Pharmacists have expressed concerns about severe shortage of medicines in the NHS, which is putting lives at risk.

Unpublished figures obtained by The Guardian have shown that the number of products in short supply has doubled in the past two years.

The report highlighted short supply of treatments for various conditions including epileptic seizures, cancer, schizophrenia, and diabetes.

A few days back, the Department of Health and Social Care (DHSC) informed healthcare professionals that supply of glucagon-like peptide-1 receptor agonists (GLP-1 RAs), which are used to treat type 2 diabetes, continues to be limited and is not likely to return to normal until at least the end of 2024.

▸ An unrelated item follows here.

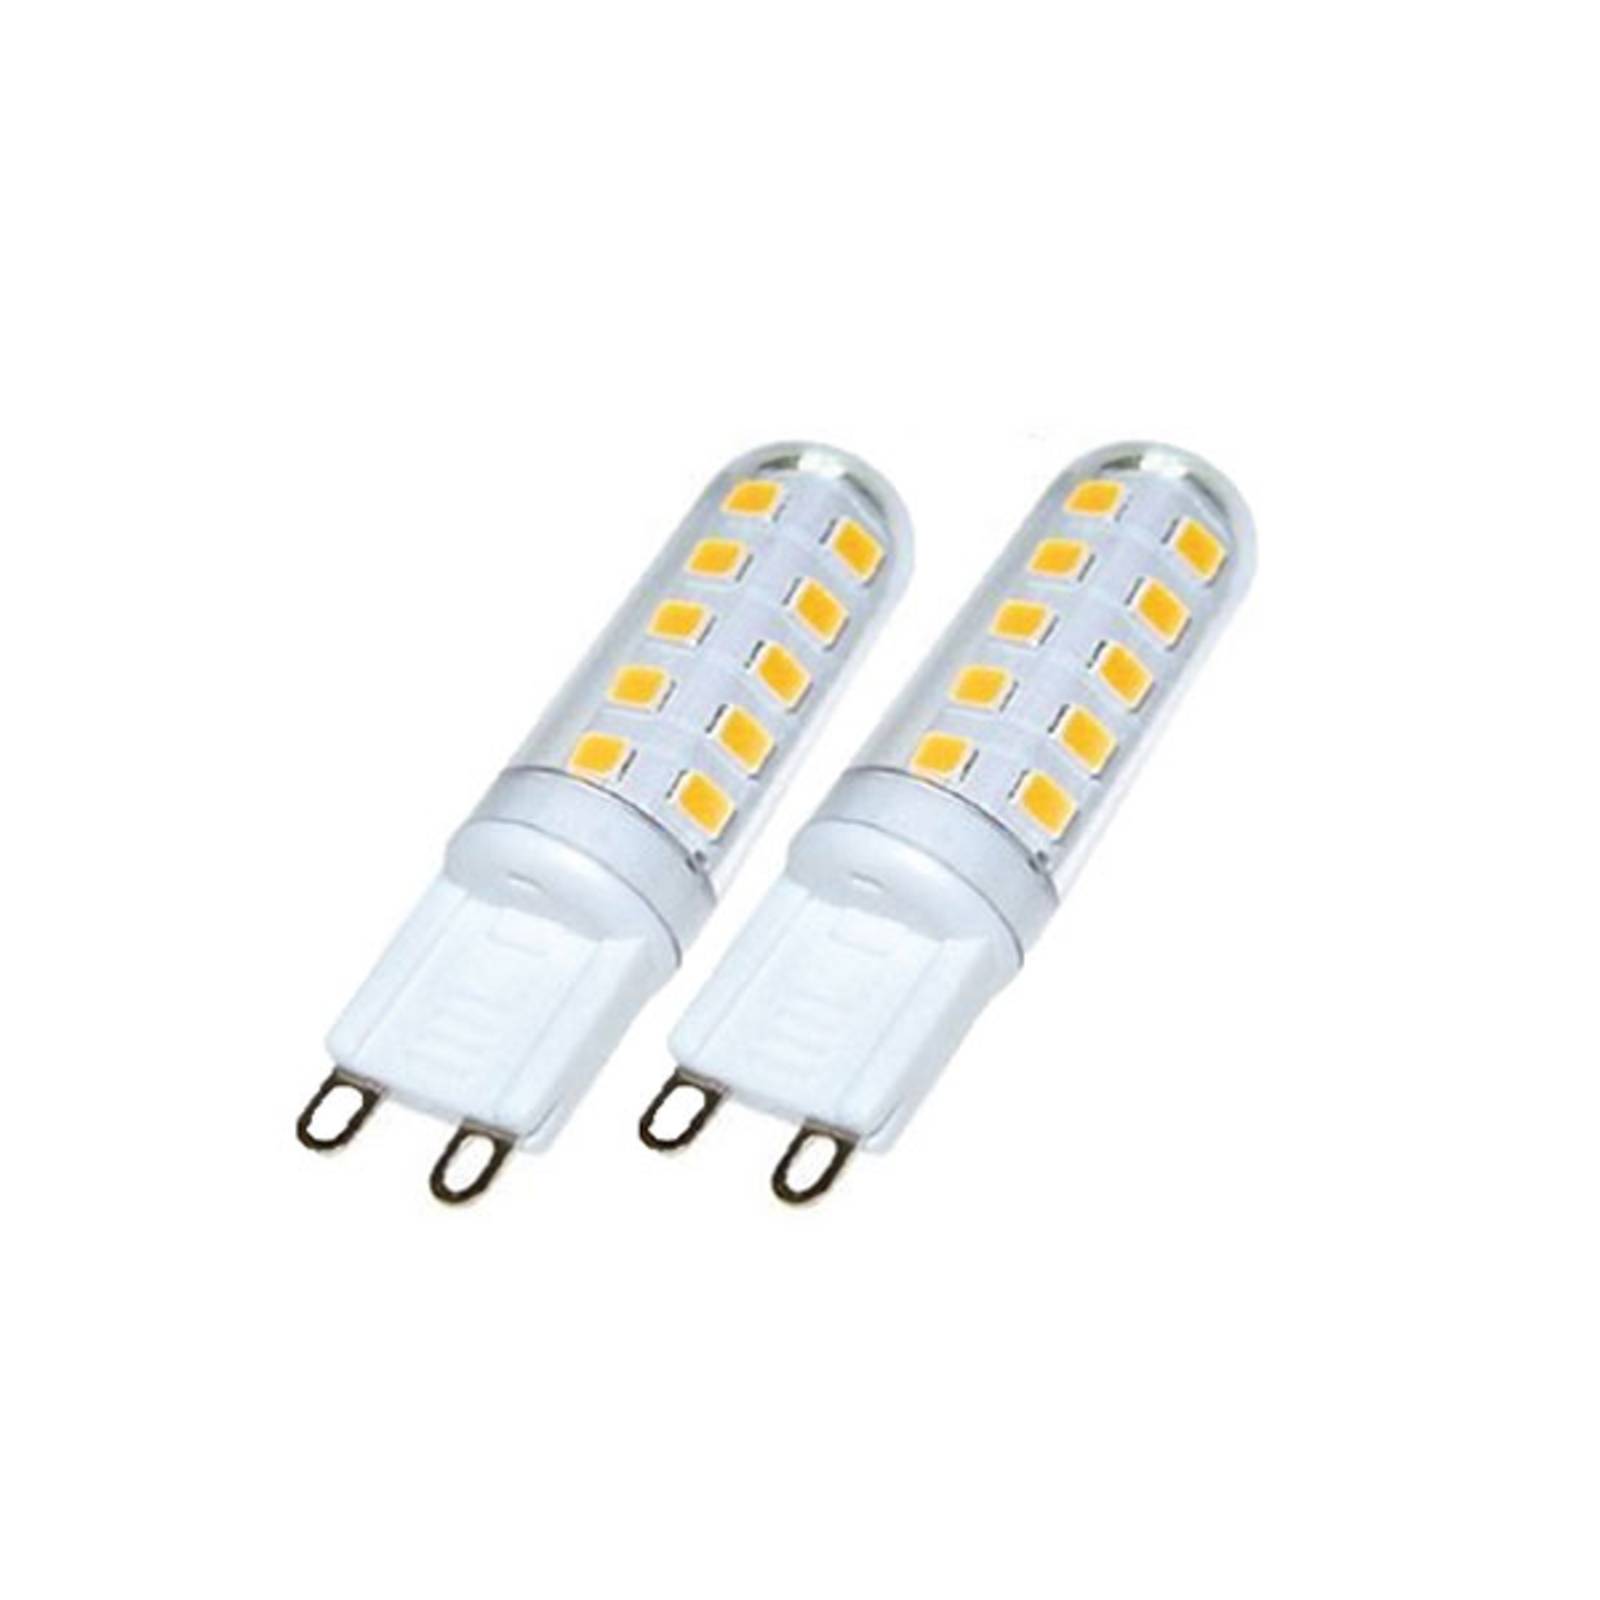 LED-lampe med stiftsokkel G9 3W 3000 K eksternt dimbar sett med 2 stk
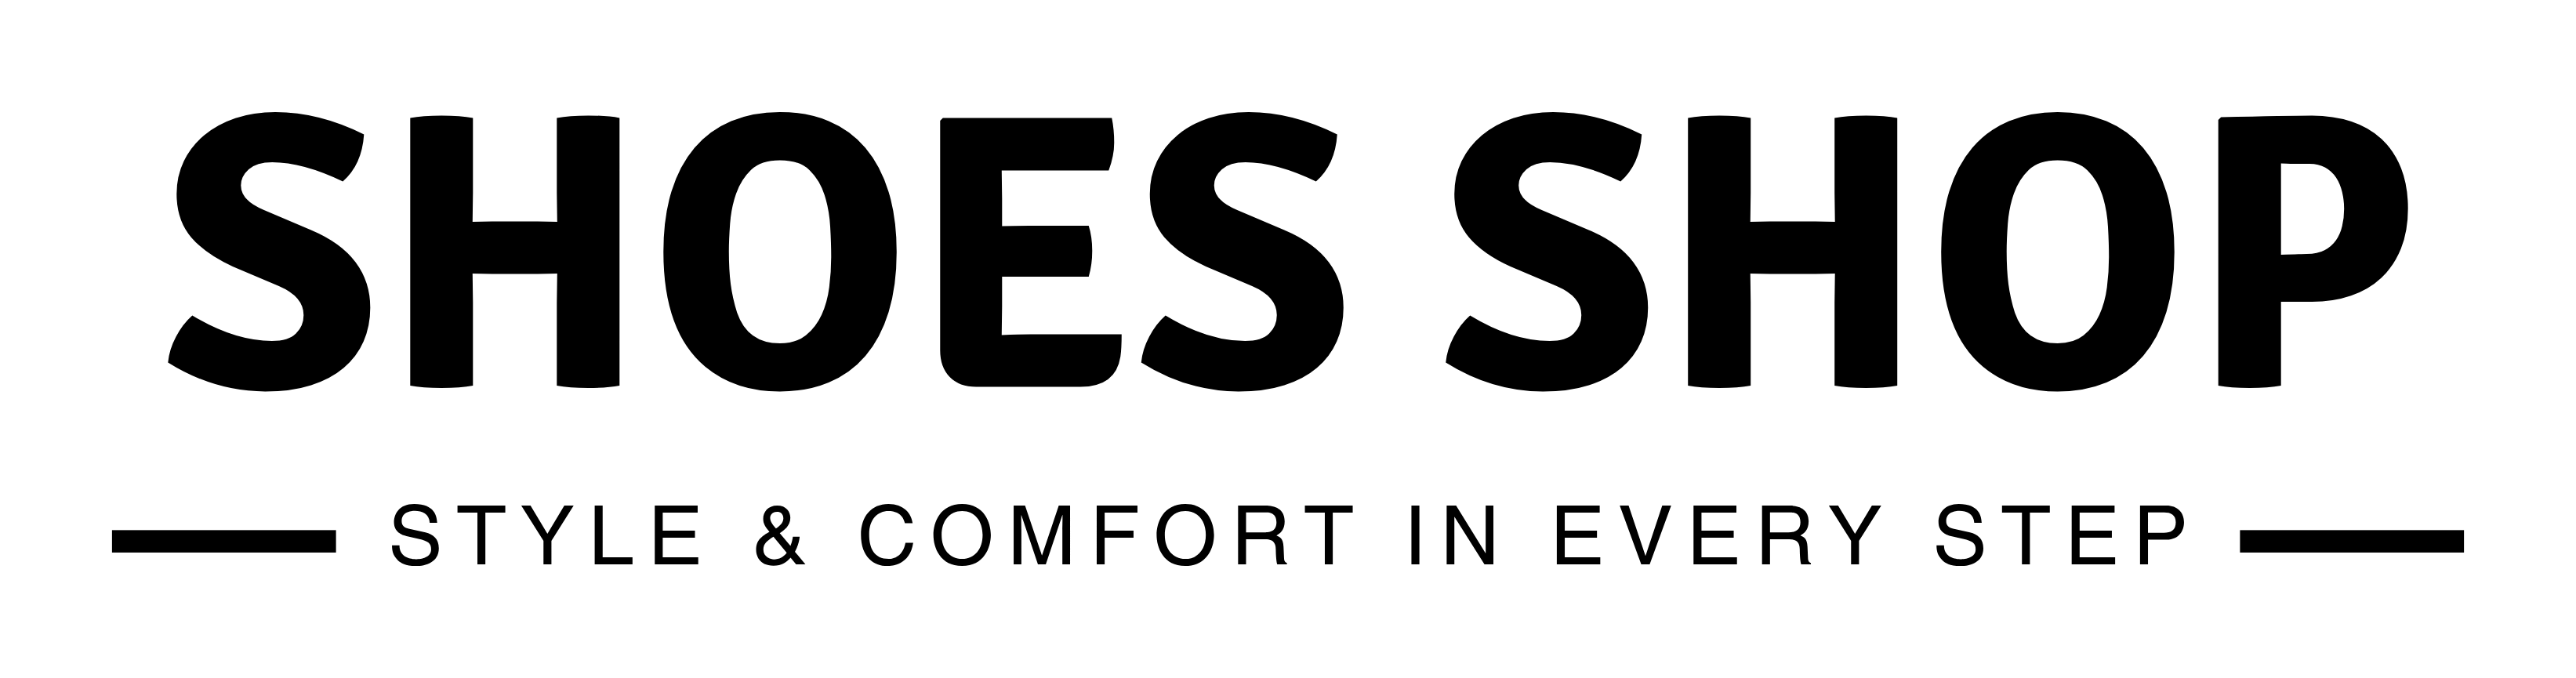 Shoes Shop - logo

Clinicians were instructed to only prescribe the antidiabetes drugs for licensed indications, and avoid prescribing for weight loss to conserve existing stock for patients with T2DM.

In November 2023, the British Generic Manufacturers Association (BGMA) had revealed that 111 products were facing supply issues, the highest on record and more than double since the start of 2022.

In a statement shared with the newspaper, Janet Morrison, CEO of Community Pharmacy England (CPE) said: “Pharmacy teams have been struggling to get hold of prescription medicines for many months but the problem is now worse than ever.”

“It has become worryingly normal to see hundreds of medicines affected by pricing and other issues every month, with problems now a daily occurrence for pharmacies.

“The instability is putting operational pressures on pharmacy teams, financial pressures on pharmacy businesses, and for patients it means worrying delays.”

Last year, CPE surveyed people working in pharmacies and 87 per cent of the respondents said that their patients’ health was being put a risk due to medicine supply issues.

Janet cited a combination of factors for medicines supply issues, including Brexit, the ongoing war in Ukraine, the impact of the Covid-19 pandemic, and broader economic instability.

“The NHS and Government need to step in to stabilise the UK medicines supply chain,” she stated.

To address the problem, Janet suggested a “full strategic review of medicines supply in England” and to empower pharmacists to use their knowledge to make “simple changes to medicines where this can speed up supply of medicines safely.”

“This step will help to alleviate this critical situation for both pharmacies and the communities they serve,” she added.